**Task instructions**: Quote exactly and only this range of lines in the data below: the line that holds "Crocs Lilac Classic Platform Sandals" to the line that holds "Mi hermano Carlos, Rosario", both included.

**Task inputs**:
--*--

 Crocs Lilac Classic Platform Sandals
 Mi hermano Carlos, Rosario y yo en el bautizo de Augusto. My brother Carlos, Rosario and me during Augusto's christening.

--*--

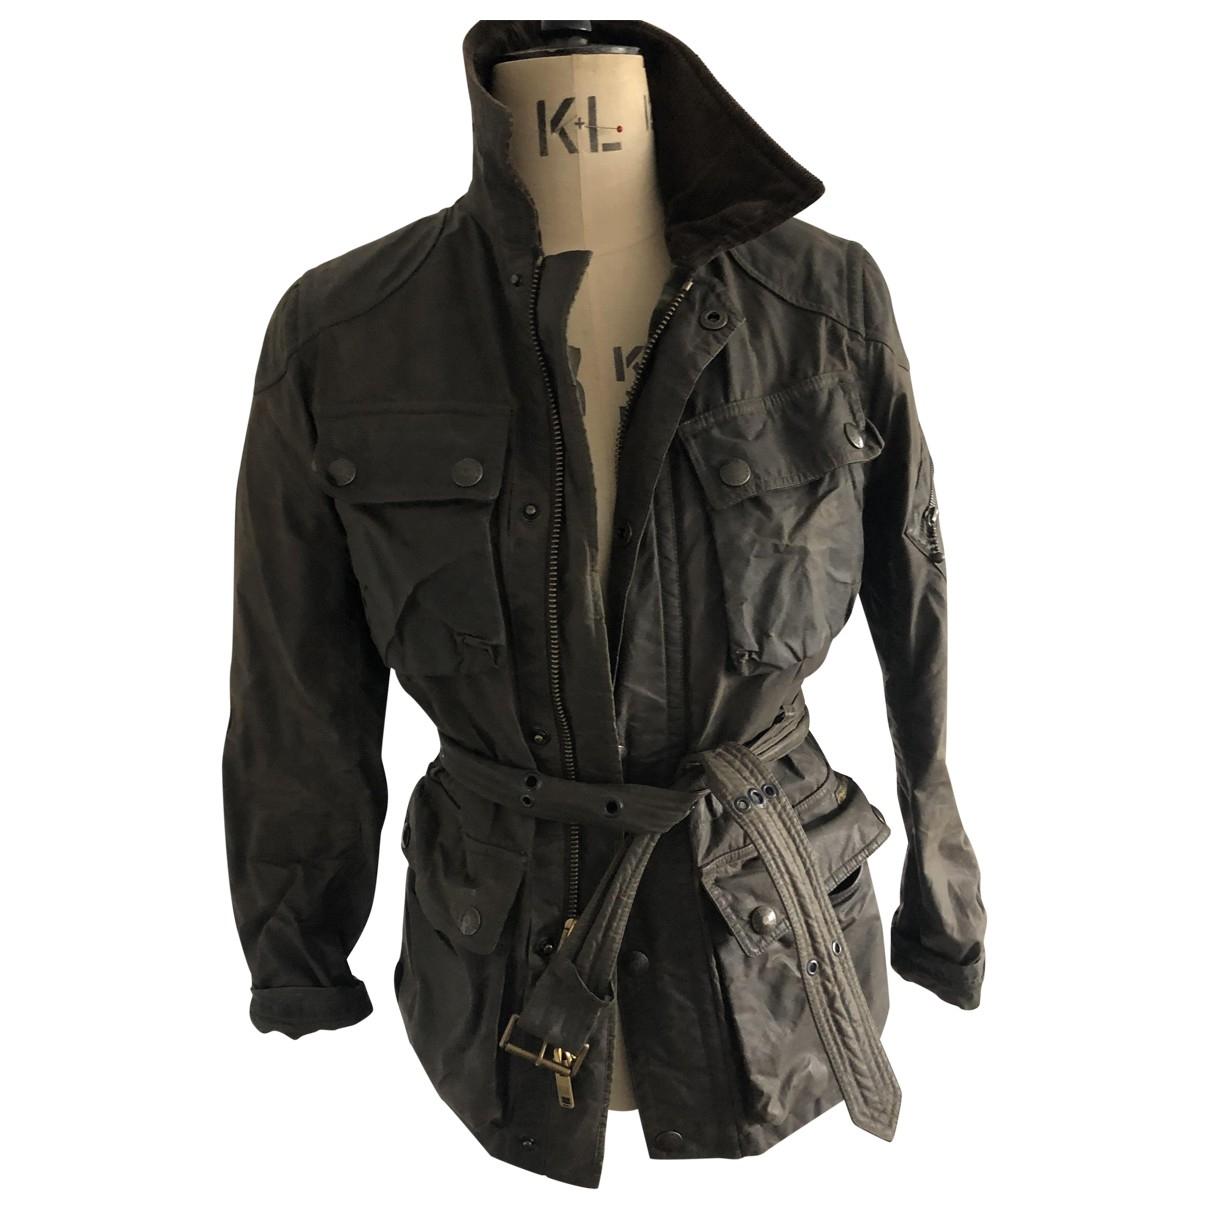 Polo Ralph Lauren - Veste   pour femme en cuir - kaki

--*--

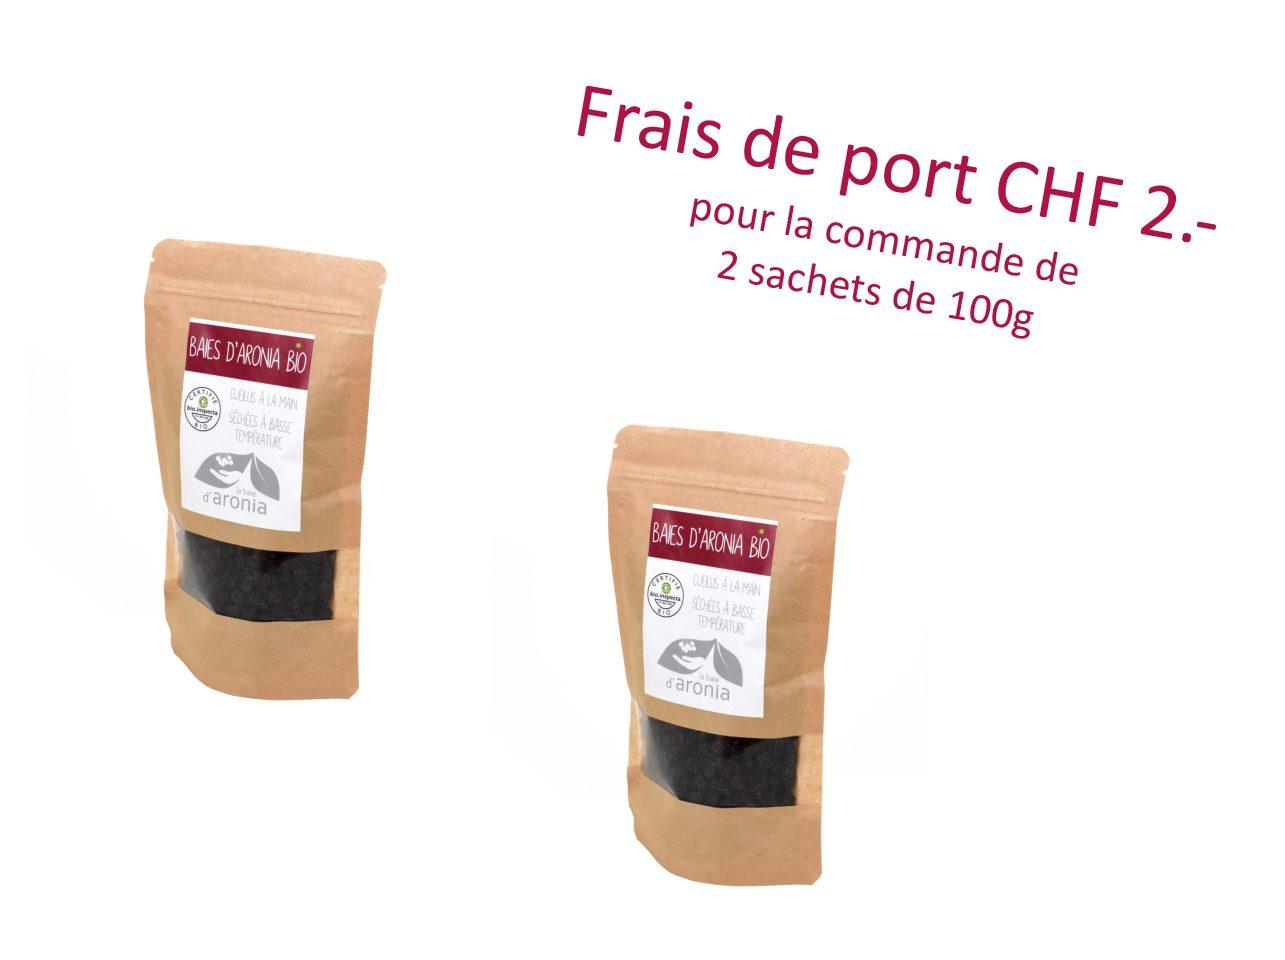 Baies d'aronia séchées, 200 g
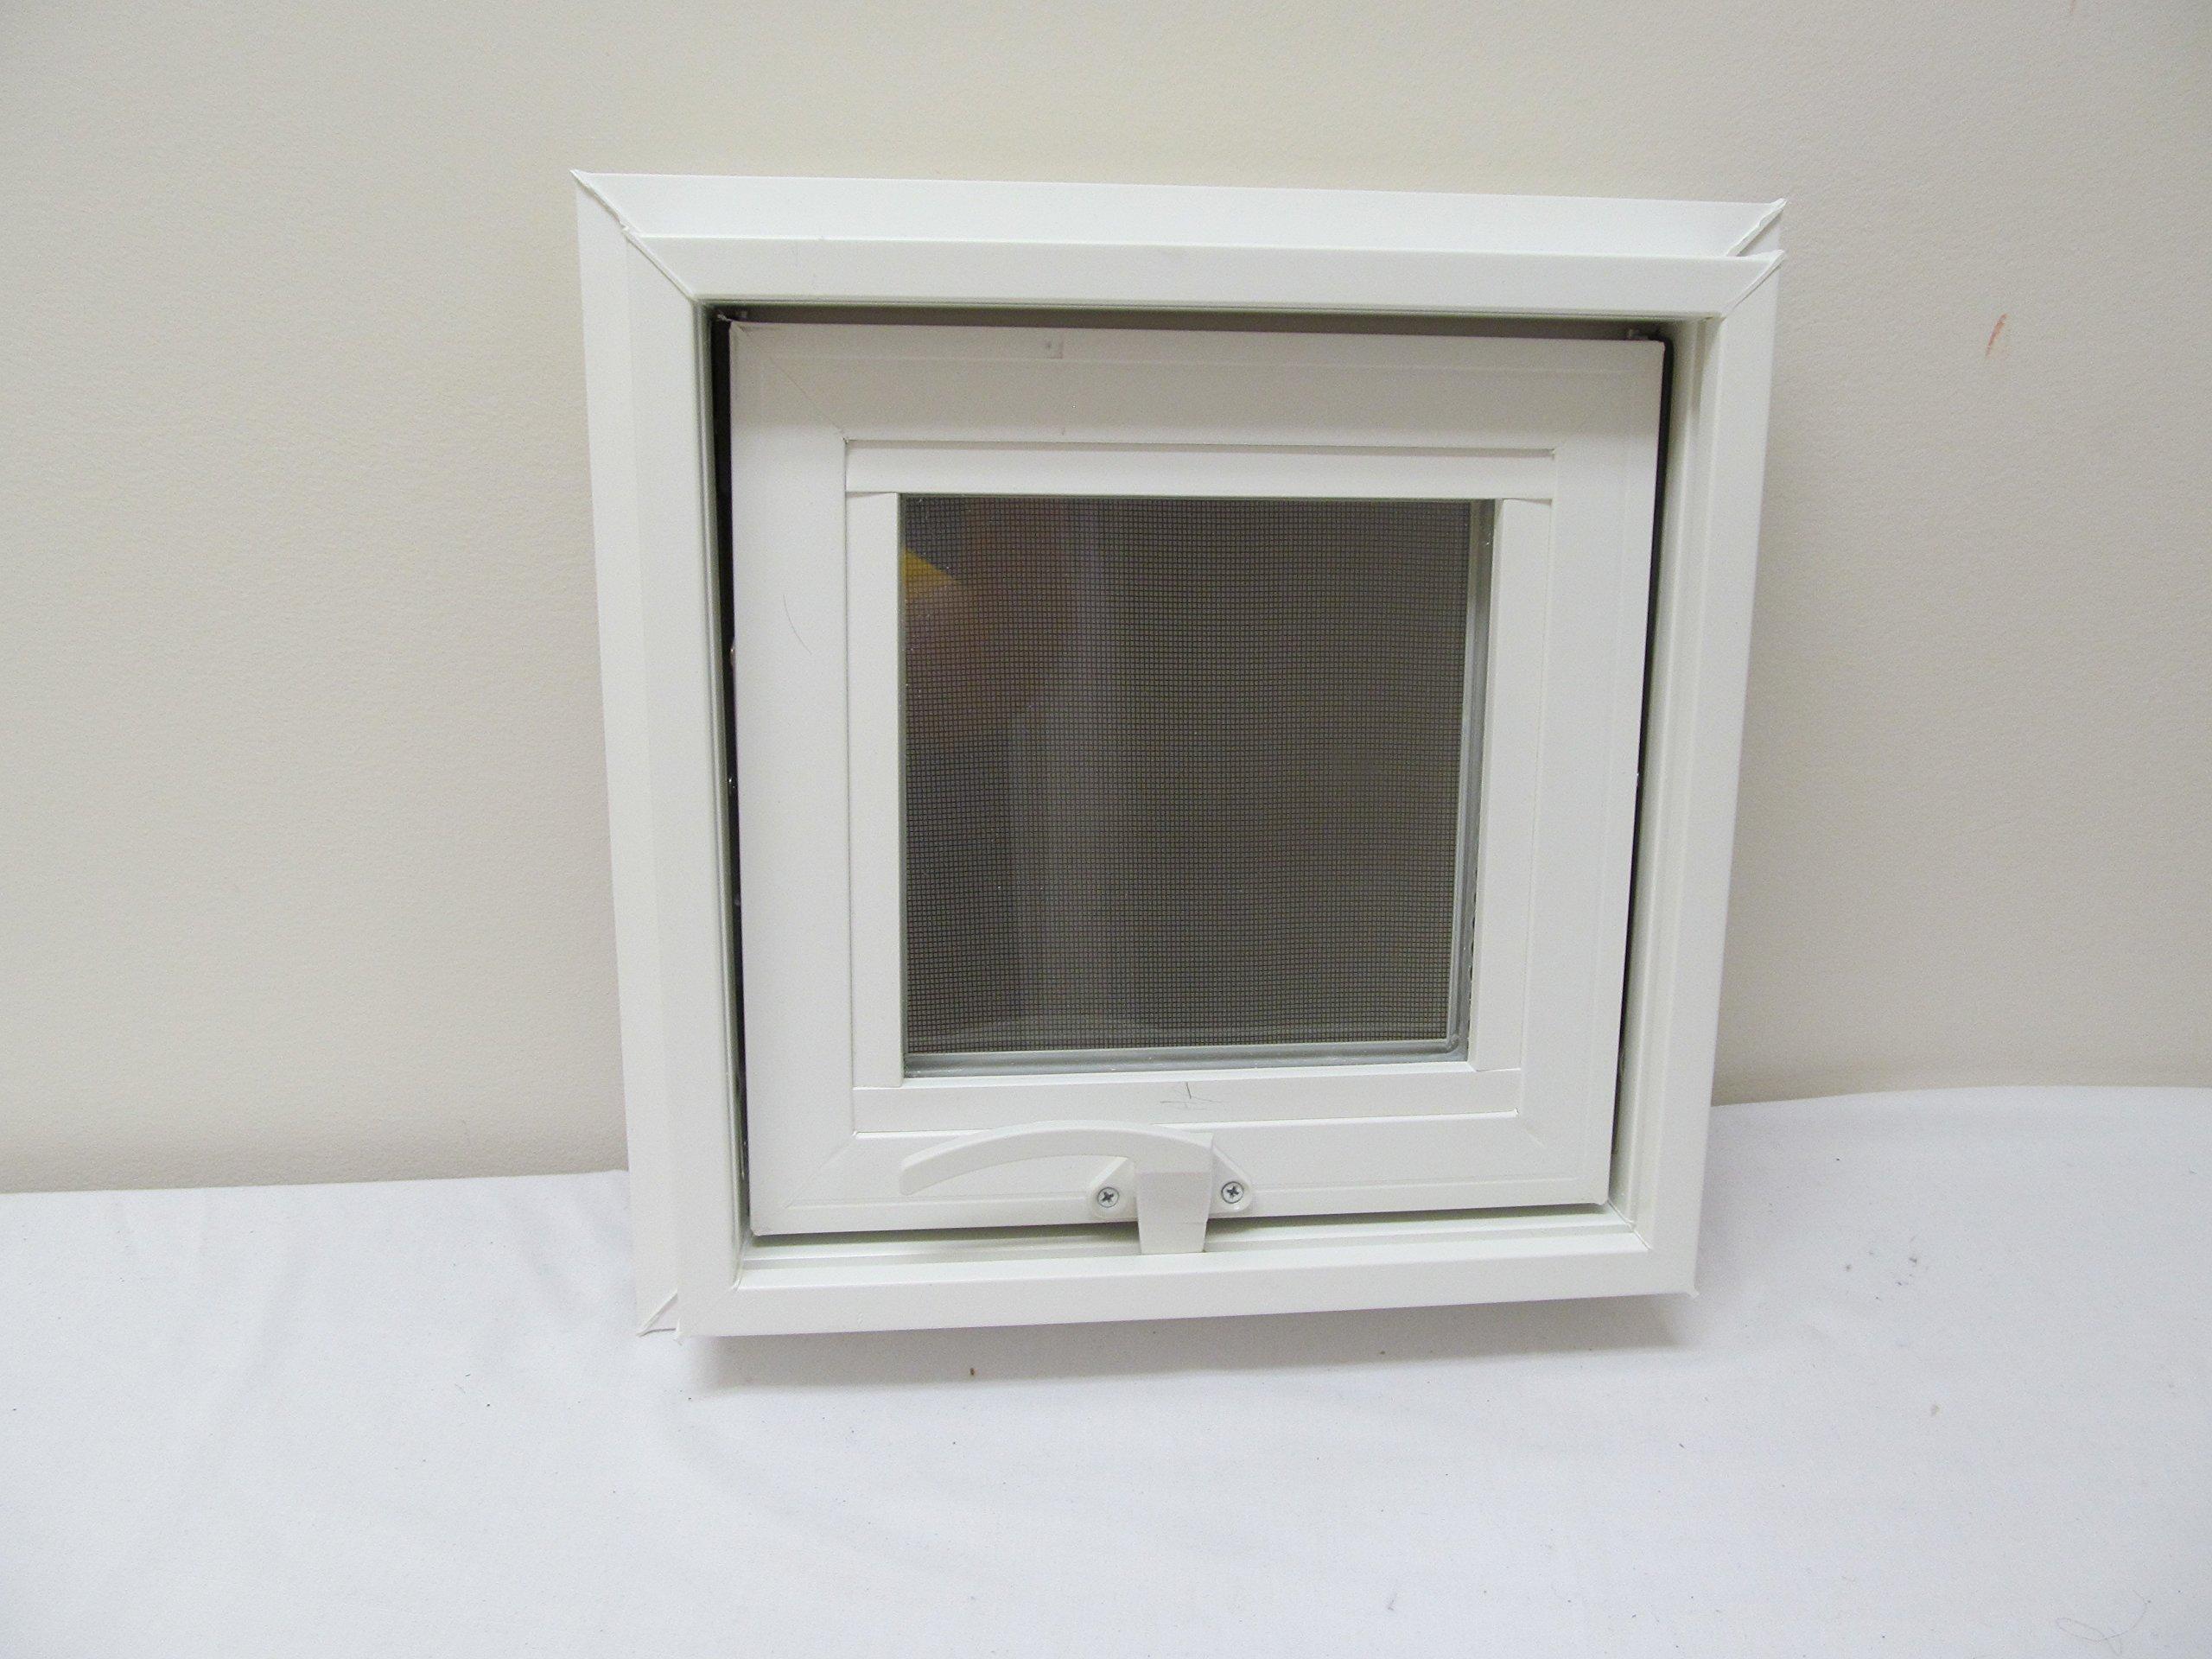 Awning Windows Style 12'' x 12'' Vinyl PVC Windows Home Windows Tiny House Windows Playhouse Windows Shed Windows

--*--

**Expected answer**:
 Crocs Lilac Classic Platform Sandals
 Mi hermano Carlos, Rosario y yo en el bautizo de Augusto. My brother Carlos, Rosario and me during Augusto's christening.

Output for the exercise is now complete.